Although many of the criticisms directed to the I-O model, some of which are summarized above, should be acknowledged, a well-known advantage of this approach is that it allows one to estimate both the direct and indirect (employment, revenue, value added, income) impacts of a change in the final demand, in a framework that is consistent with the national and regional accounts. Furthermore, such impacts can be sectorally and geographically specified.

With regard to the identification of the industrial characteristics, the article concludes that the FVG_PS: (a) plays a relevant macroeconomic role in the region; (b) is characterized by a high degree of openness from an economic, commercial and industrial point of view; (c) is part of a larger territorial system.
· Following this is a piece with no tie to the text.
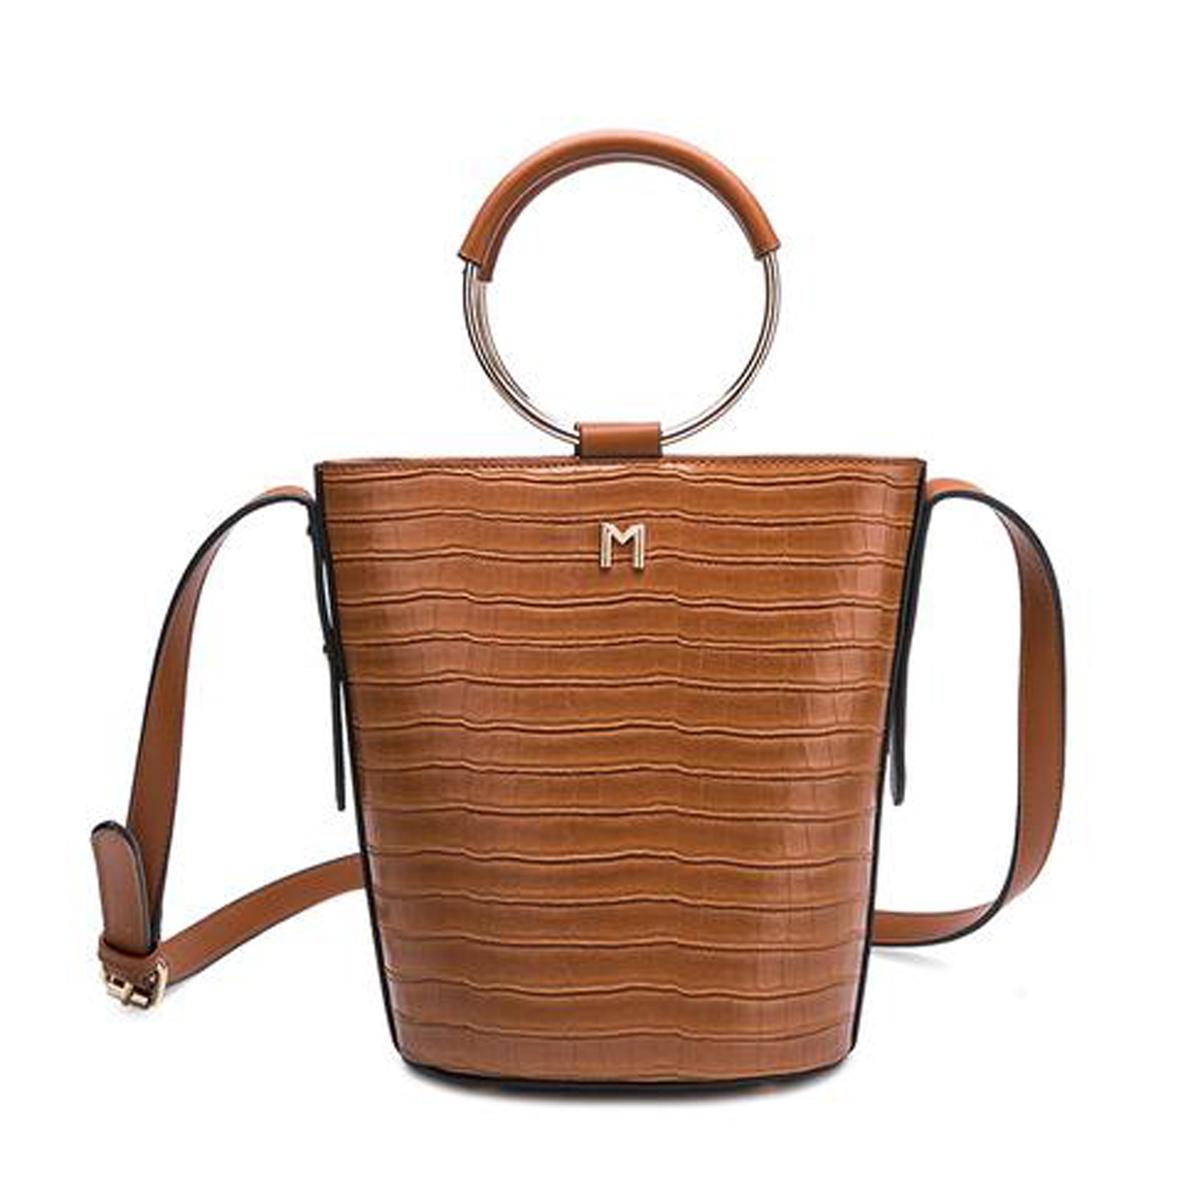 Melie Bianco Stella Croco Vegan Leather Ring Bucket Bag Tan
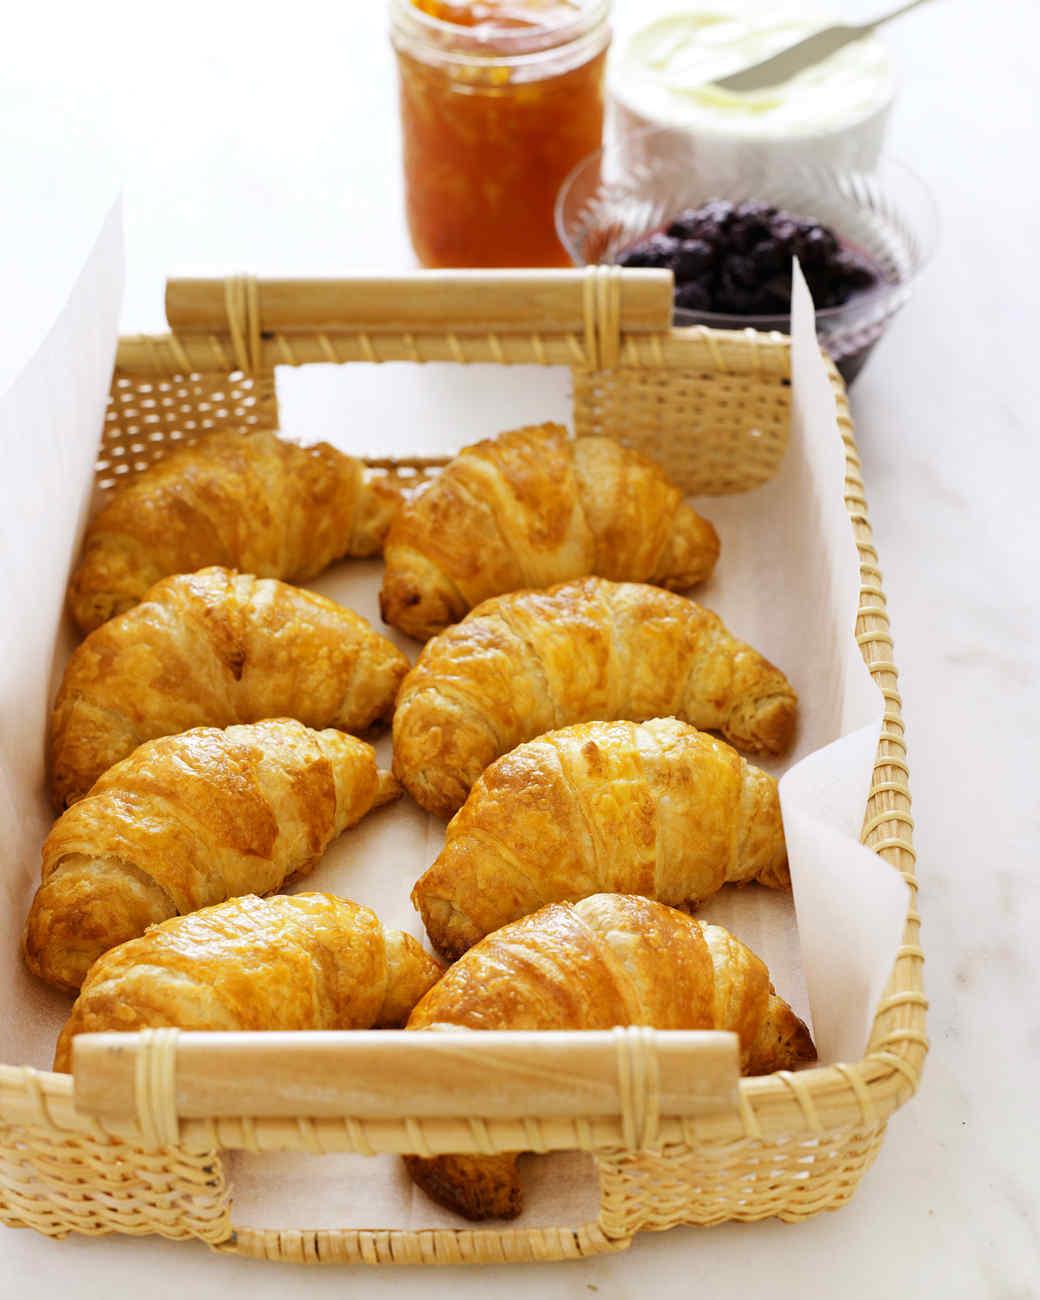 almond-croissants-mblb2006.jpg

In the project report comparisons are also made (not presented here) between the current FVG port system and the port of Trieste in year 1900 (Babudieri, 1965) with regard to the number of people directly and indirectly employed nowadays with the port of Venice and the Belgian ports (Danielis, 2011, p. 125). Another relevant finding is that the value added per square-km is much higher in the FVG_SP than in most Belgian ports.

With regard to the question of how is the FVG port system connected with the rest of the economy, the article not only estimates the relevant multipliers at a 12 port-related sector disaggregation level, but it also proposes two methodologies to estimate, coherently with the I-O modelling framework: (a) the level of self-sufficiency of the port system and (b) its degree of substitutability, that is, what would happen if the FVG port system closes, completely or partially, depending on the assumption made on where the port services are alternatively procured. It is found that the FVG port system has a 78.3 per cent self-sufficiently level and an economic importance ranging between 1.033 M€ and 3.056 M€.

Although both methodologies suffer, of course, from the general limitations of the I-O approach, they provide a coherent and explicit methods to evaluate what role does a port, or a port system, play within an economic system.